___ Given data

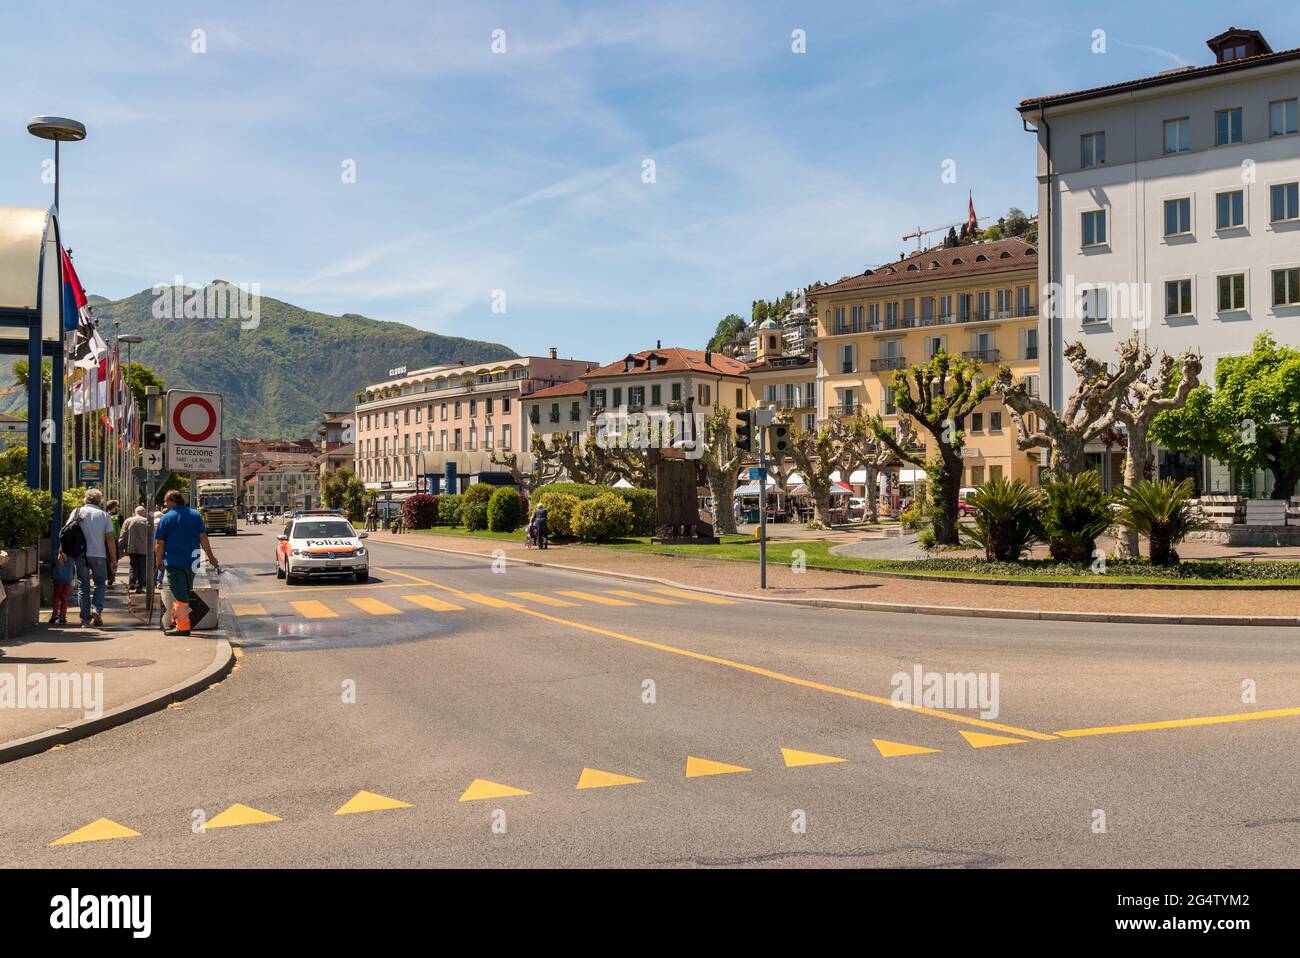 Locarno, Ticino, Switzerland - May 4, 2016: Main street in the center of Locarno city. Cityscape landscape. Stock Photo
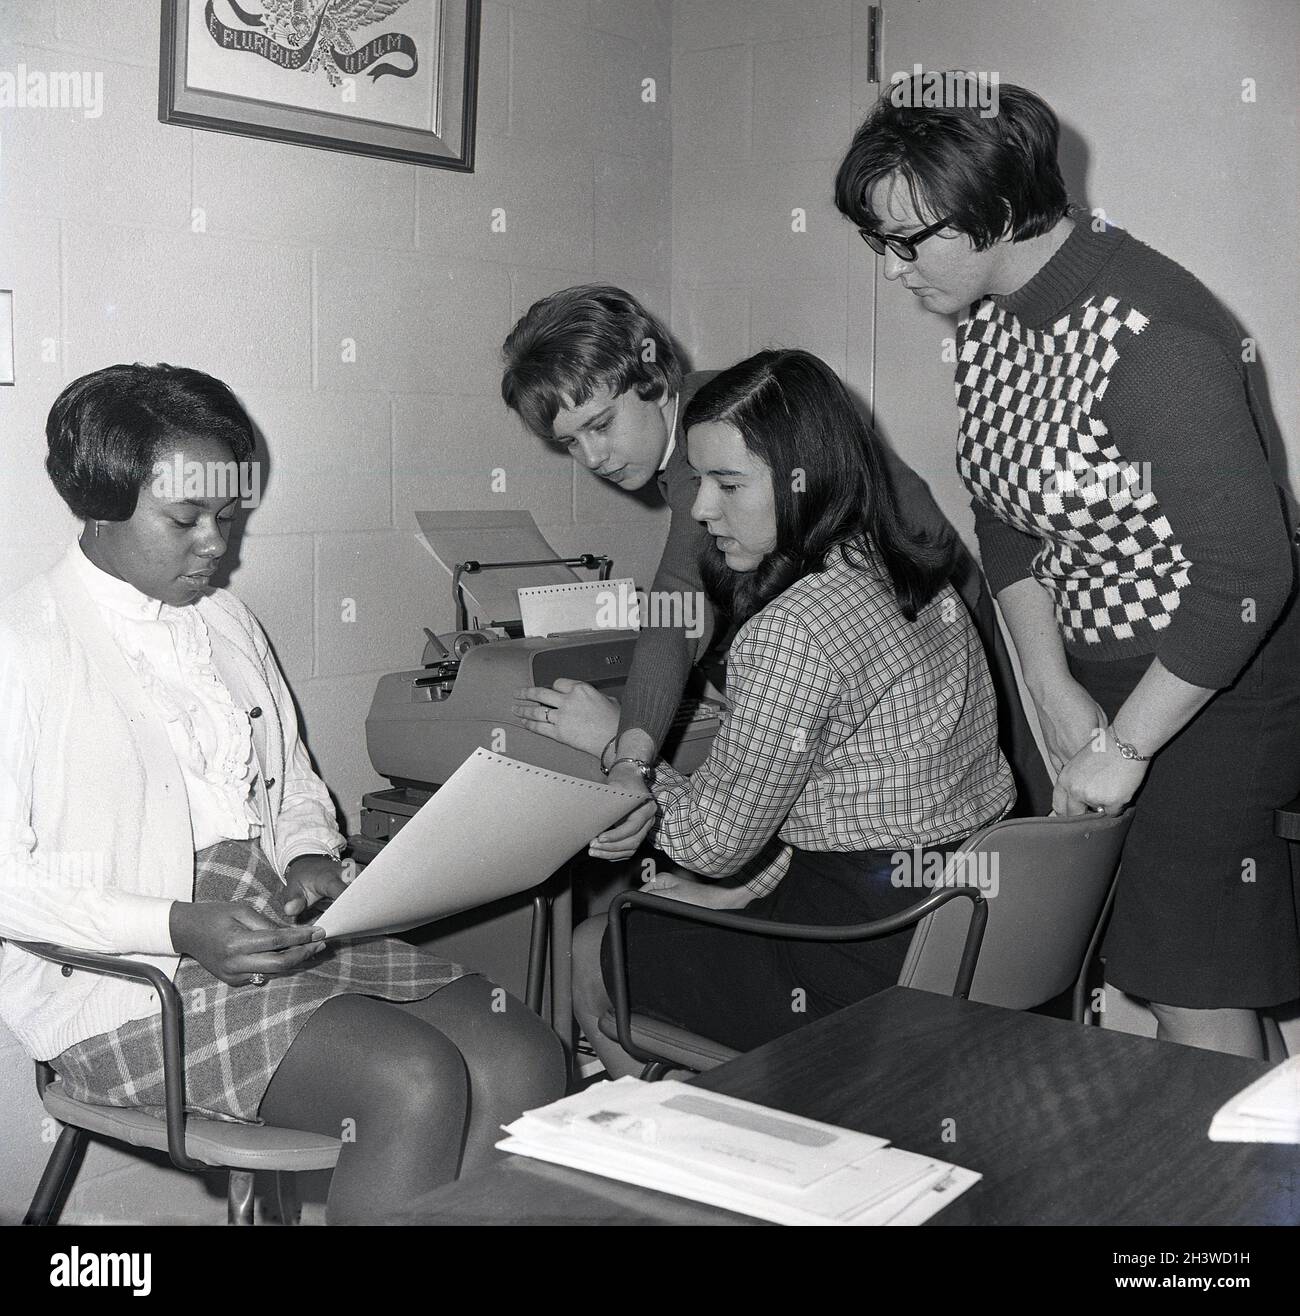 1968, historische, vier College-Mädchen in einem Zimmer, wobei ein Mädchen mit Blick auf einen Computerausdruck sitzt und ein anderes mit einem IBM-Textverarbeitungsprogramm am Schreibtisch sitzt, Virginia, USA. Stockfoto
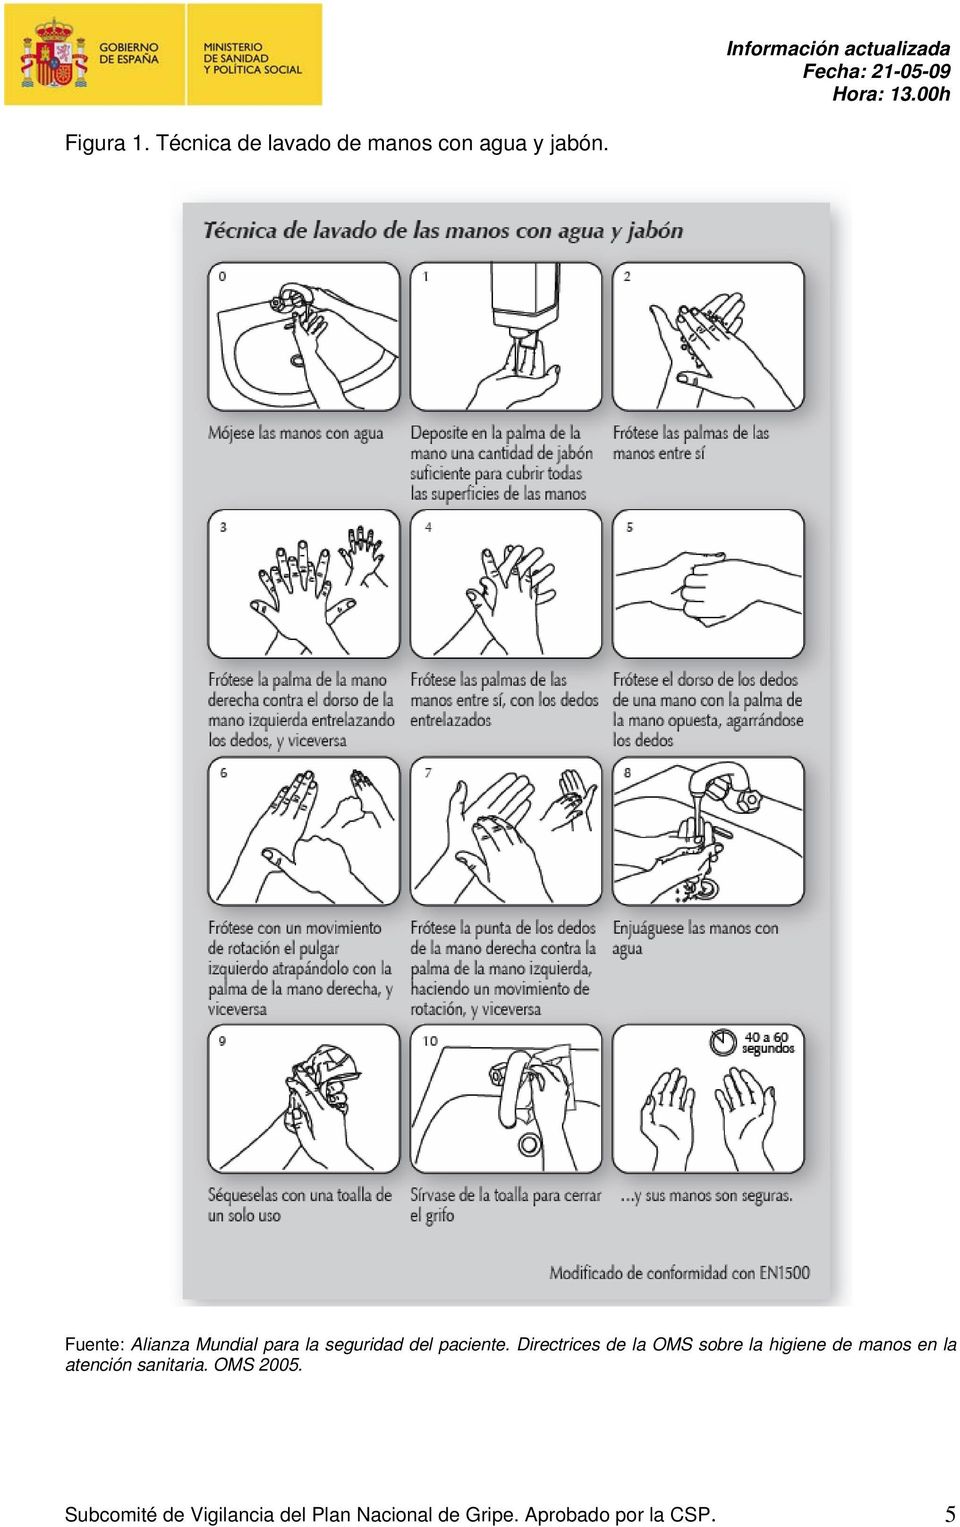 Directrices de la OMS sobre la higiene de manos en la atención

______

* **The problem**: The required answer is an exact copy of the lines from the one containing "1968, historische, vier" through the last line of the material, with the pictures removed.

* **Task answer**:
 1968, historische, vier College-Mädchen in einem Zimmer, wobei ein Mädchen mit Blick auf einen Computerausdruck sitzt und ein anderes mit einem IBM-Textverarbeitungsprogramm am Schreibtisch sitzt, Virginia, USA. Stockfoto
 Directrices de la OMS sobre la higiene de manos en la atención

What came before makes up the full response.